Language Comprehension and Production WORDS: MEANING, MEMORY, AND RECOGNITION

A word is a unit which is a constituent at the phrase level and above. It is sometimes identifiable according to such criteria as (1) being the minimal possible unit in a reply (2) having features such as (a) a regular stress pattern, and (b)phonological changes conditioned by or blocked at word boundaries. (3) being the largest unit resistant to insertion of new constituents within its boundaries, or (4) being the smallest constituent that can be moved within a sentence without making the sentence ungrammatical.
Meaning is a notion in semantics classically defined as having two components:   
(1)   Reference, anything in the referential realm denoted by a word or expression, and
(2)   Sense, the system of paradigmatic and syntagmatic relationships between a lexical unit and other lexical units in a language.
In psychology, memory is the processes by which information is encoded, stored, and retrieved. Encoding allows information that is from the outside world to reach our senses in the forms of chemical and physical stimuli. In this first stage we must change the information so that we may put the memory into the encoding process. Storage is the second memory stage or process. This entails that we maintain information over periods of time. Finally the third process is retrieval. This is the retrieval of information that we have stored. We must locate it and return it to our consciousness. Some retrieval attempts may be effortless due to the type of information.

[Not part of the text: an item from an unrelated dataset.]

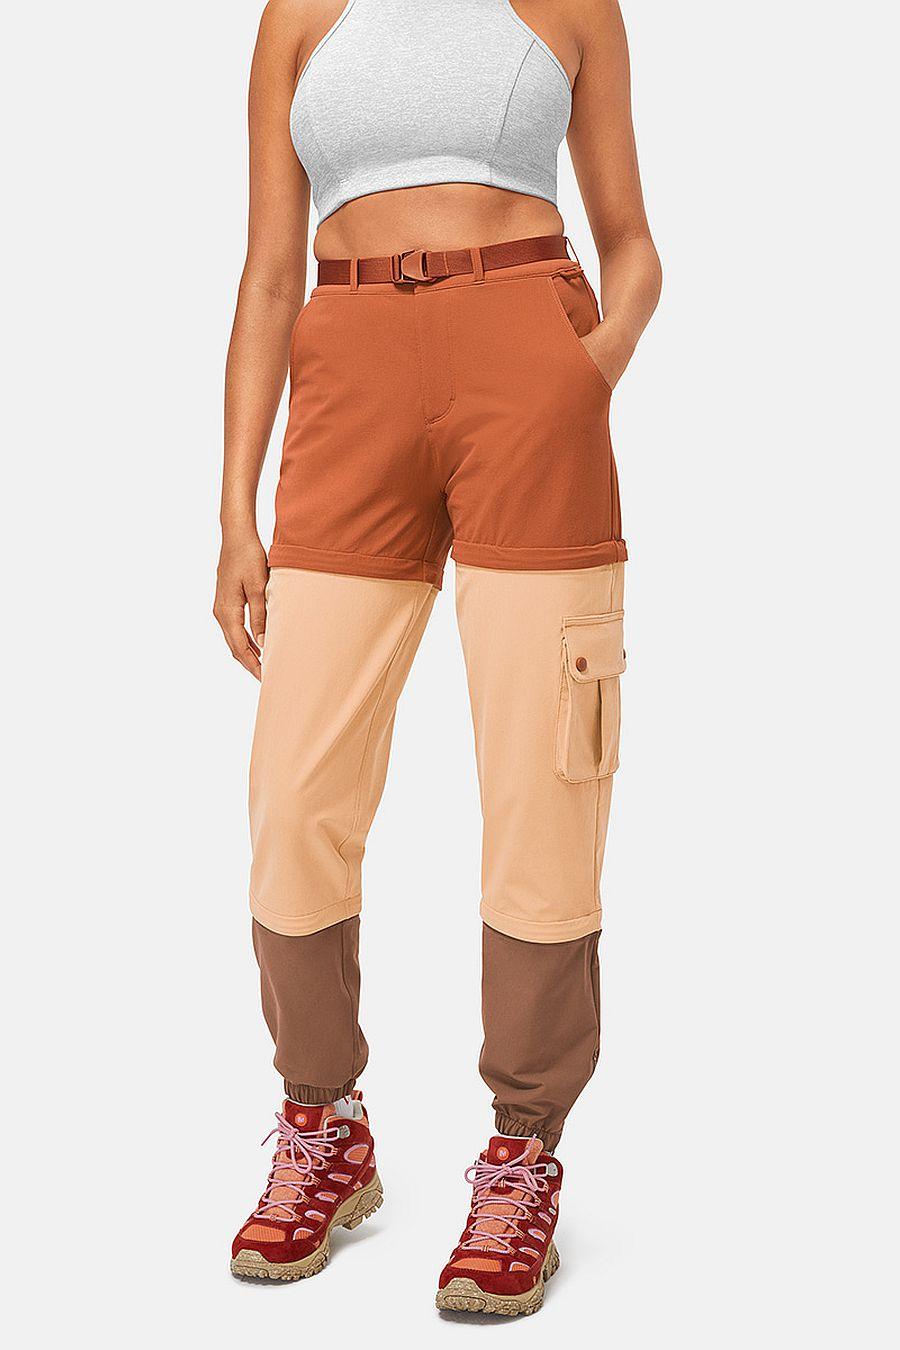 Outdoor Voices Zip-Off Pants

From an information processing perspective there are three main stages in the formation and retrieval of memory:
(1)   Encoding or registration (receiving, processing and combining of received information)
(2)   Storage (creation of a permanent record of the encoded information)

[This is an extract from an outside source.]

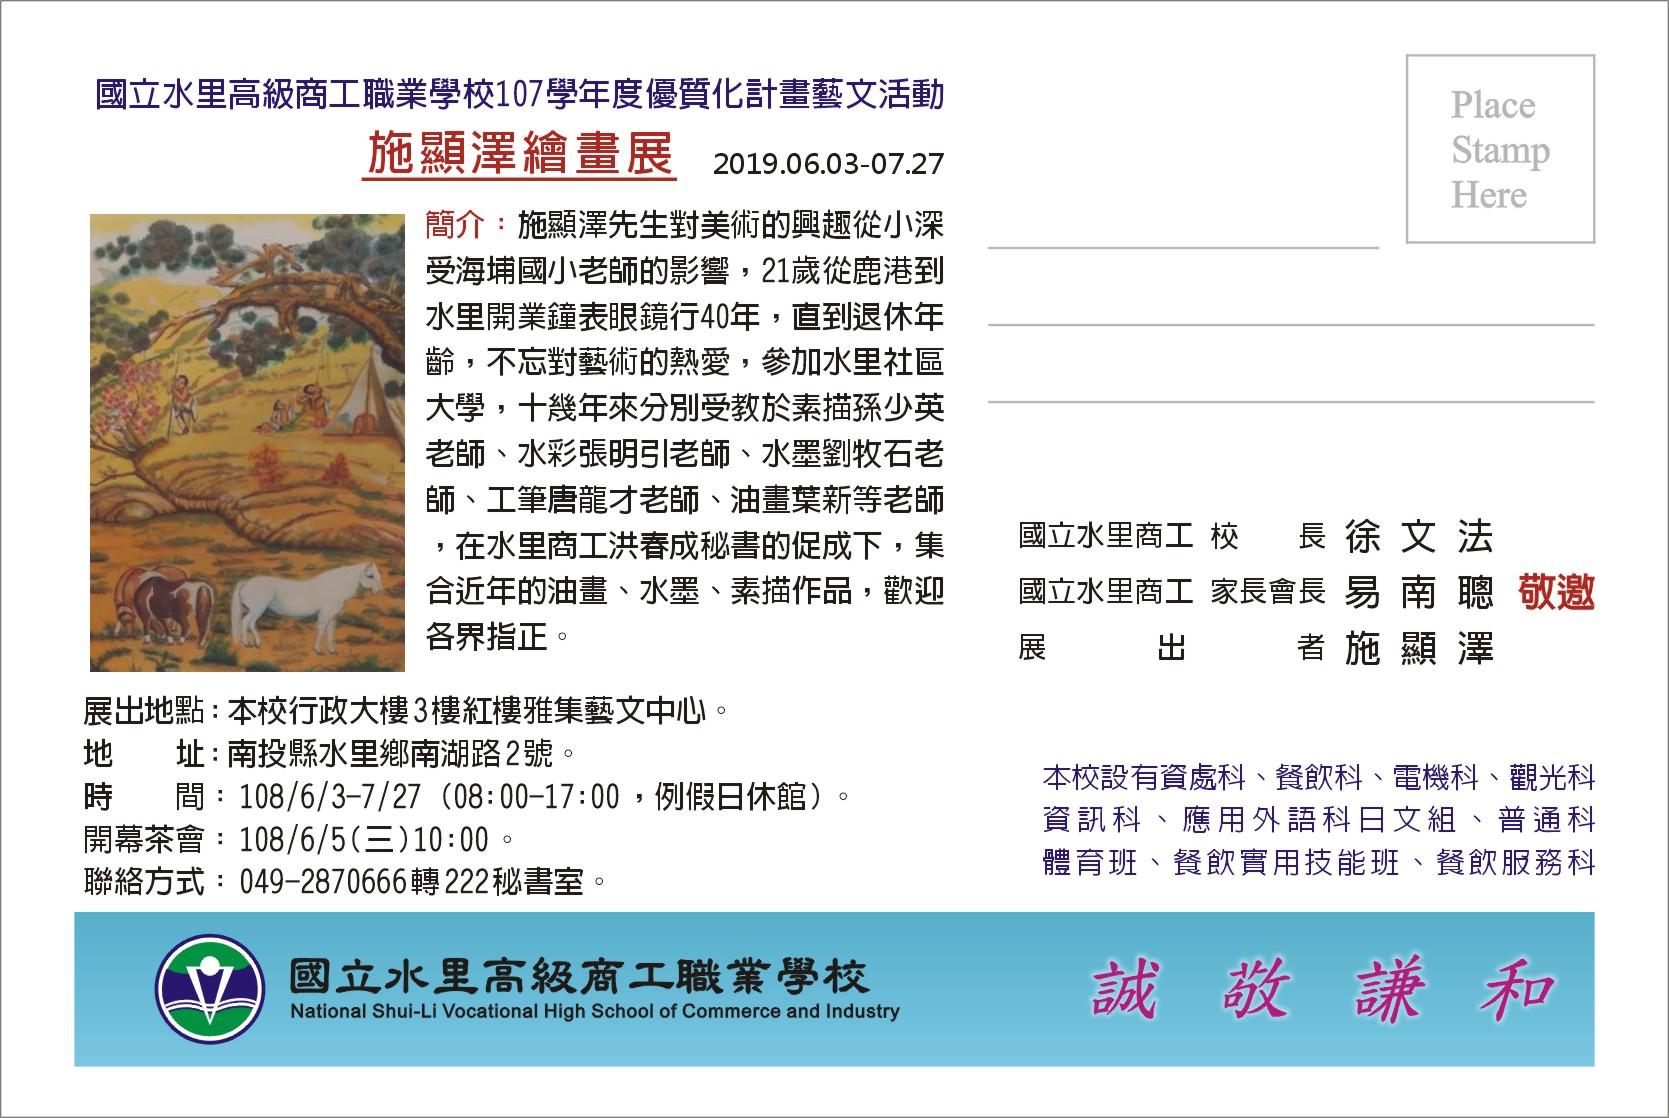 施顯澤繪畫個展邀請卡2

(3)   Retrieval, recall or recollection (calling back the stored information in response to some cue for use in a process or activity)
Memory can be short-term or long-term.
Short-term memory (or "primary" or "active memory") is the capacity for holding a small amount of information in mind in an active, readily available state for a short period of time. The duration of short-term memory (when rehearsal or active maintenance is prevented) is believed to be in the order of seconds.
Long-term memory (LTM) is memory in which associations among items are stored, as part of the theory of a dual-store memory model. According to the theory, long-term memory differs structurally and functionally from working memory or short-term memory, which ostensibly stores items for only around 20–30 seconds and can be recalled easily
Recall is to remember something by thinking or recalling it in your mind from memory whereas recognition is to remember something in your memory through looking at something and recognising it as something seen before.

In understanding and producing language begins with the recognition of language or words, then understand the meaning and save it in memory. So it can perform retrieval process, that is recall the stored information in response to some cue for use in a process or activity . memory is divided into two, the first short term memory, information that is no longer stored in the memory, the second long term memory, that is data or information stored relatively permanent, because often done or pronounced over and over again.